Let me tell you why I find this book particularly important. It may, or may not, have anything to do with criteria beyond being distinctive for this time. I’m collaborating on a project to present diverse books at a couple upcoming state conferences. We are pulling our titles. Just a couple of days ago one of my colleges sent out a message that reading so many sad books was getting her down and she wasn’t sure how many more she had in her. My unwritten response was confusion. My list included STYX, MERCI SUAREZ, FRONT DESK, PRINCE AND THE DRESSMAKER, JULIAN IS A MERMAID. All books in which I found tremendous joy and hope. But I did stop to wonder, are we just now getting to a point where diverse books don’t need to be about heavy, extremely sad themes?
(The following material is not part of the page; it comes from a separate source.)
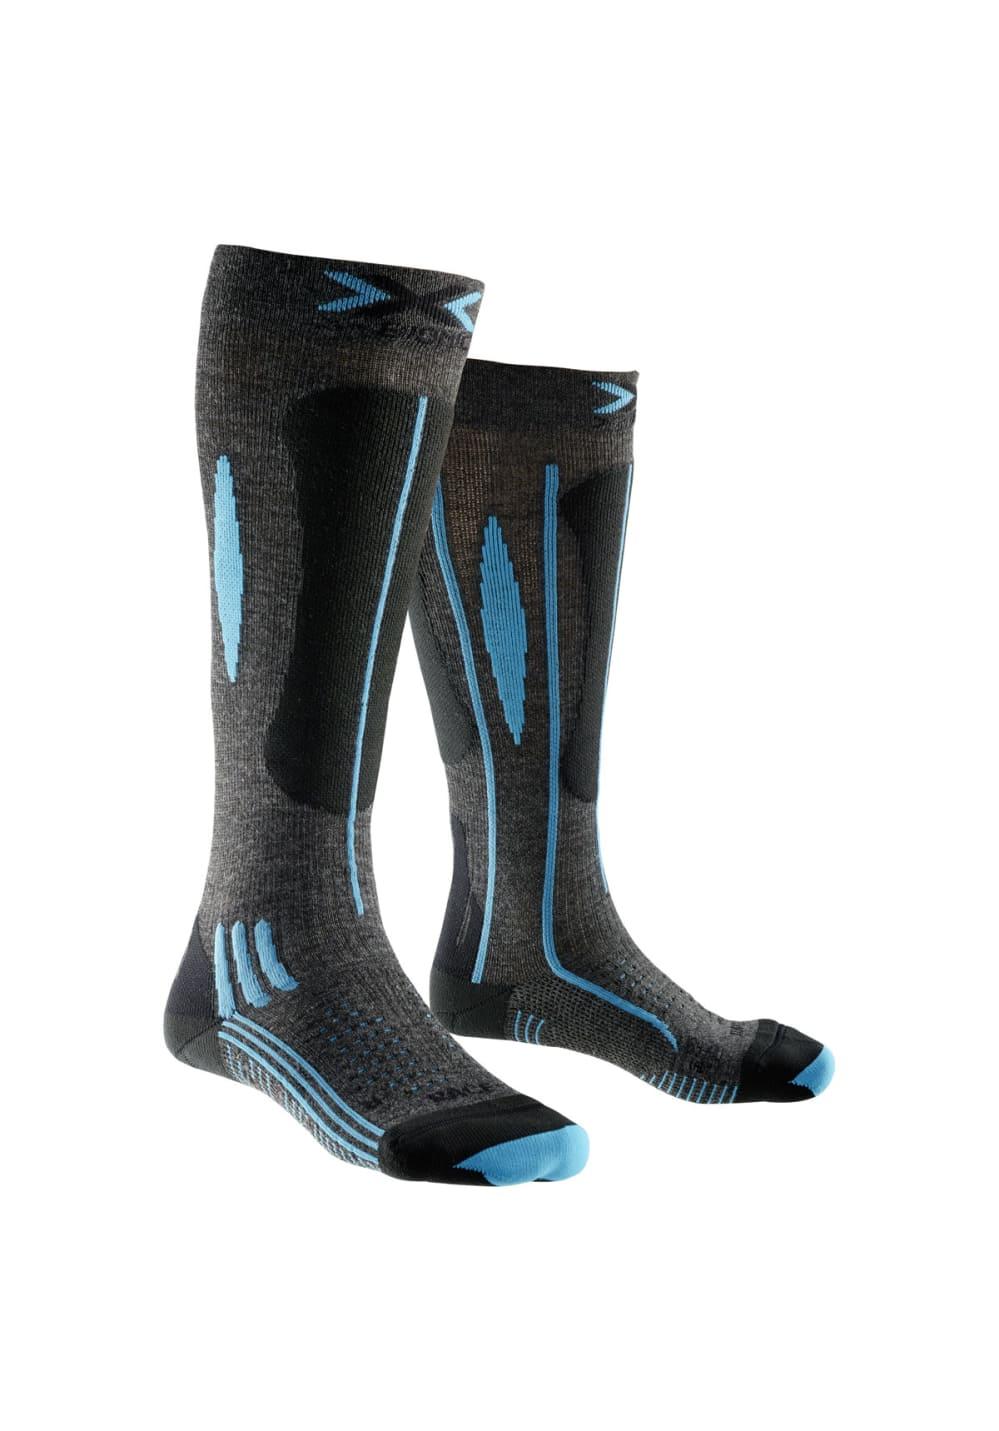 X-Bionic Ski Effektor Race Wintersport - Grau, Gr. 39-40

I hope in a few years there will be so many stories about kids that look like Caleb, Merci and Mia that when the sad, heavy stories — as important as they can be — come along they will not be the only representation.
Also, best cover of the year.
Yes! This book is pure joy and summer fun with a serious undercurrent that still leads to a satisfying and hopeful ending. I will admit that when I started this book I sort of drug my feet a bit about reading it. It didn’t feel like the right time of year; this is such a summer book. However, I pushed through and finished the book absolutely head over heels for this book.
I loved that Caleb’s narration is heavily influenced by his awe of Styx. As readers we have to take in the little clues as to the true nature of their adventures and Styx himself. Sometimes it’s Bobby Gene’s commentary and sometimes it’s just the way that Styx says something. I wonder if a child reader might be a little more surprised in the end with the way Styx acts.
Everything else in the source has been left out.